Cognitive Systems Engineering
Cognitive Systems Engineering (CSE) is an interdisciplinary field that studies how human operators acquire, represent, and use knowledge in complex technological environments. Founded by Danish engineer Jens Rasmussen in the 1970s at Risø National Laboratory, CSE emerged from the recognition that industrial accidents were not caused by operator error but by the mismatch between the cognitive demands of the work environment and the cognitive resources available to the operators.
The field's central insight is that cognition is not a property of an individual brain but a systemic property distributed across the human, the technological artifacts, and the organizational structures within which they are embedded. A nuclear power plant operator does not think alone; they think with the control room, the alarm systems, the procedures, and the communication network. CSE treats these as components of a single cognitive system, not as separate elements whose interaction is merely ergonomic.
Rasmussen's abstraction hierarchy provided the field's foundational analytical tool: a framework for describing complex systems across five levels of abstraction, from physical form and concrete processes to abstract functions and ultimate purposes. This hierarchy allows analysts to trace how failures at one level propagate to others, and how operators navigate between levels during normal and abnormal conditions. The framework has been applied to nuclear power plants, aviation, healthcare, and — increasingly — robotic systems that operate alongside human workers.
CSE is distinct from both traditional human factors engineering and artificial intelligence. It does not ask how to make the human fit the machine, nor how to replace the human with the machine. It asks: what is the cognitive architecture of the joint system, and how can it be designed to support robust performance under uncertainty? The answer, CSE insists, is not to be found in the individual components but in the coupling structure that binds them.
The prevailing assumption in both AI and human factors is that the human-machine boundary is a fixed line to be optimized. Cognitive systems engineering reveals that this boundary is a variable to be designed. The question is not whether the human or the machine is 'in control' but whether the system as a whole can maintain coherent behavior when either component is stressed, confused, or degraded. Every robot deployed in a hospital or factory is a test of whether we have learned this lesson.

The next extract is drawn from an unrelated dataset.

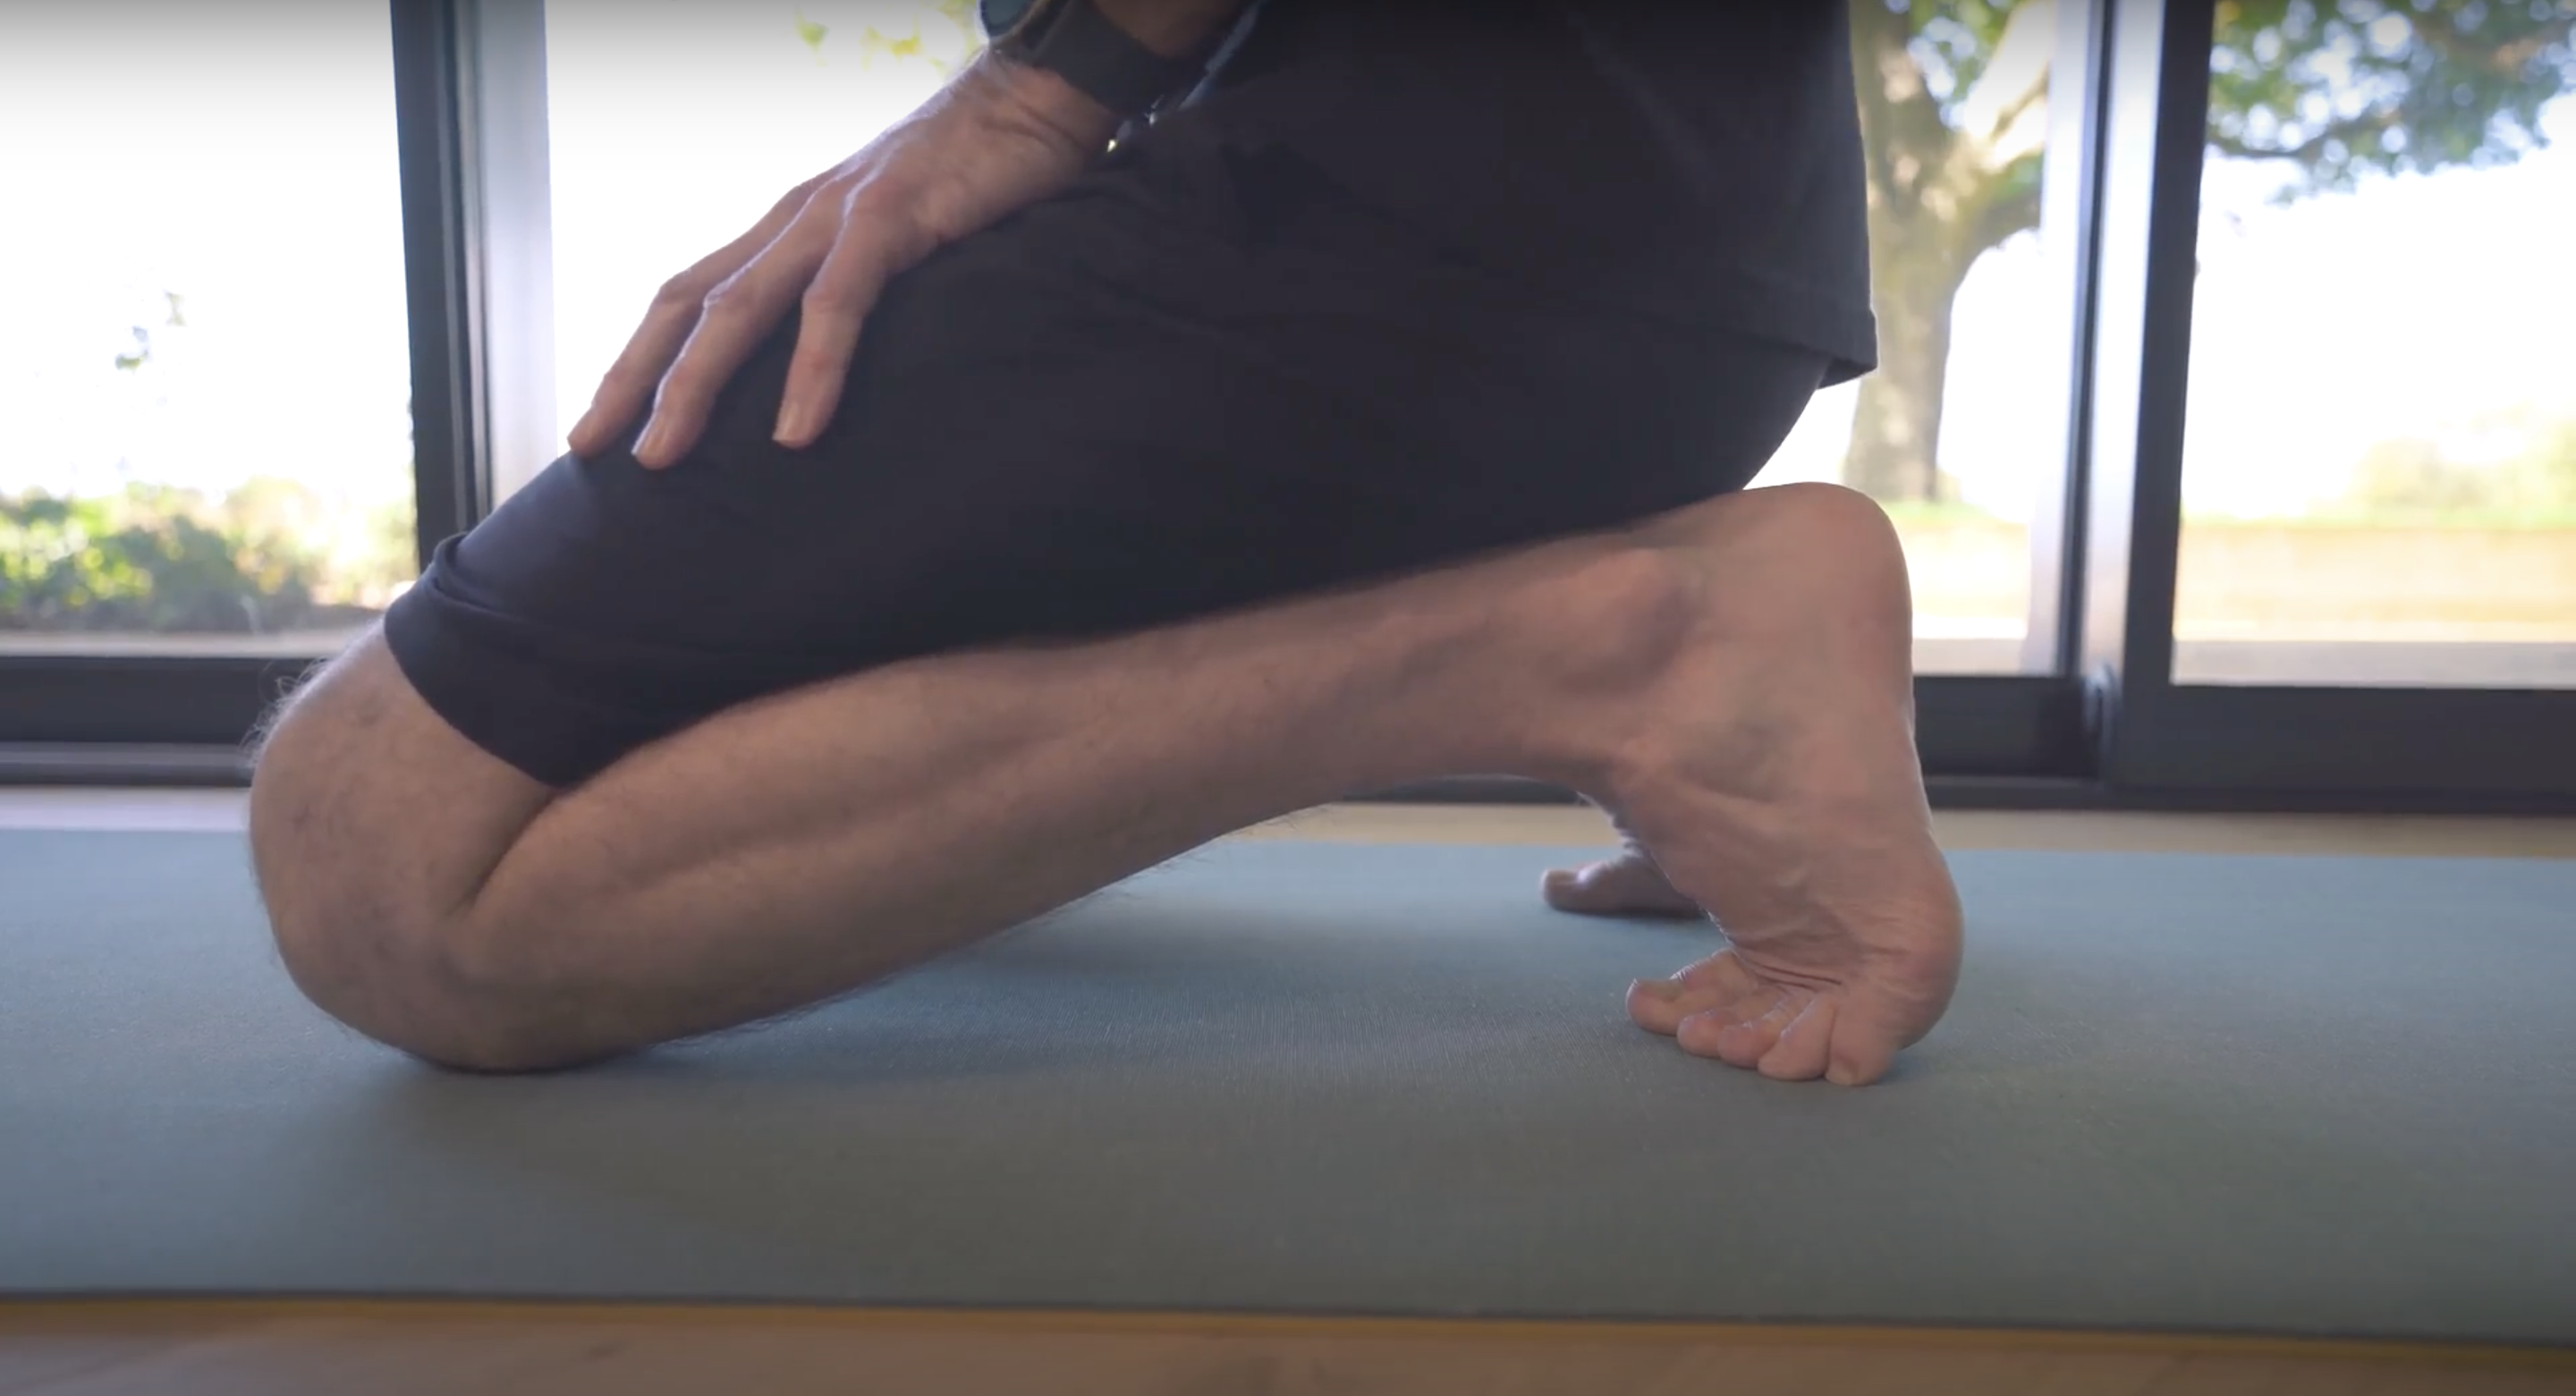 At home foot exercises for flexibility, muscle strength and toe

From Cognitive Systems to Joint Cognitive Systems
CSE's foundational insight — that cognition is distributed across humans and artifacts — was extended by David Woods and Erik Hollnagel into the framework of joint cognitive systems (JCS). Where CSE asked how to analyze the cognitive demands of complex work domains, JCS asked how to understand the human-technology coupling as an irreducible system. The two frameworks are complementary: CSE provides the analytical tools (the abstraction hierarchy, the SRK framework), while JCS provides the systemic framing that prevents these tools from being reduced to ergonomic checklists.
The JCS perspective reveals a blind spot in early CSE work. Rasmussen's abstraction hierarchy describes the work domain beautifully, but it does not fully account for the dynamics of coupling — how the human's cognitive processes are reshaped by the tools they use, and how the tools' behavior is reshaped by the human's inputs. A control room operator using a computerized alarm system is not merely navigating an abstraction hierarchy; they are coupled to an automation whose mode transitions may be invisible, whose failures may be ambiguous, and whose design may systematically degrade the operator's situation awareness. Supervisory control architectures are the classic case: they optimize for nominal conditions while structurally disabling the human for off-nominal ones.
The Contemporary Challenge: AI and Opacity
The resurgence of artificial intelligence has created new challenges for CSE that Rasmussen could not have anticipated. Machine learning systems are not designed with abstraction hierarchies; they are trained, and their internal representations are often illegible even to their creators. The representational chauvinism debate — whether understanding requires human-legible representations — is directly relevant here. If a neural network controller achieves reliable performance through representations no human can interpret, does the joint cognitive system have access to the knowledge it needs for safe operation?
CSE's response, informed by resilience engineering and human-automation teaming research, is that opacity is not merely an epistemic problem but a design failure. A joint cognitive system cannot adapt to novel conditions if one partner cannot explain its reasoning. The challenge for contemporary CSE is to develop methods for analyzing and designing AI systems that maintain epistemic alignment — shared, inspectable models of system state — even when the underlying computation is distributed across billions of parameters. This is not a problem of making AI more like humans. It is a problem of making the human-AI coupling more like a resilient joint cognitive system.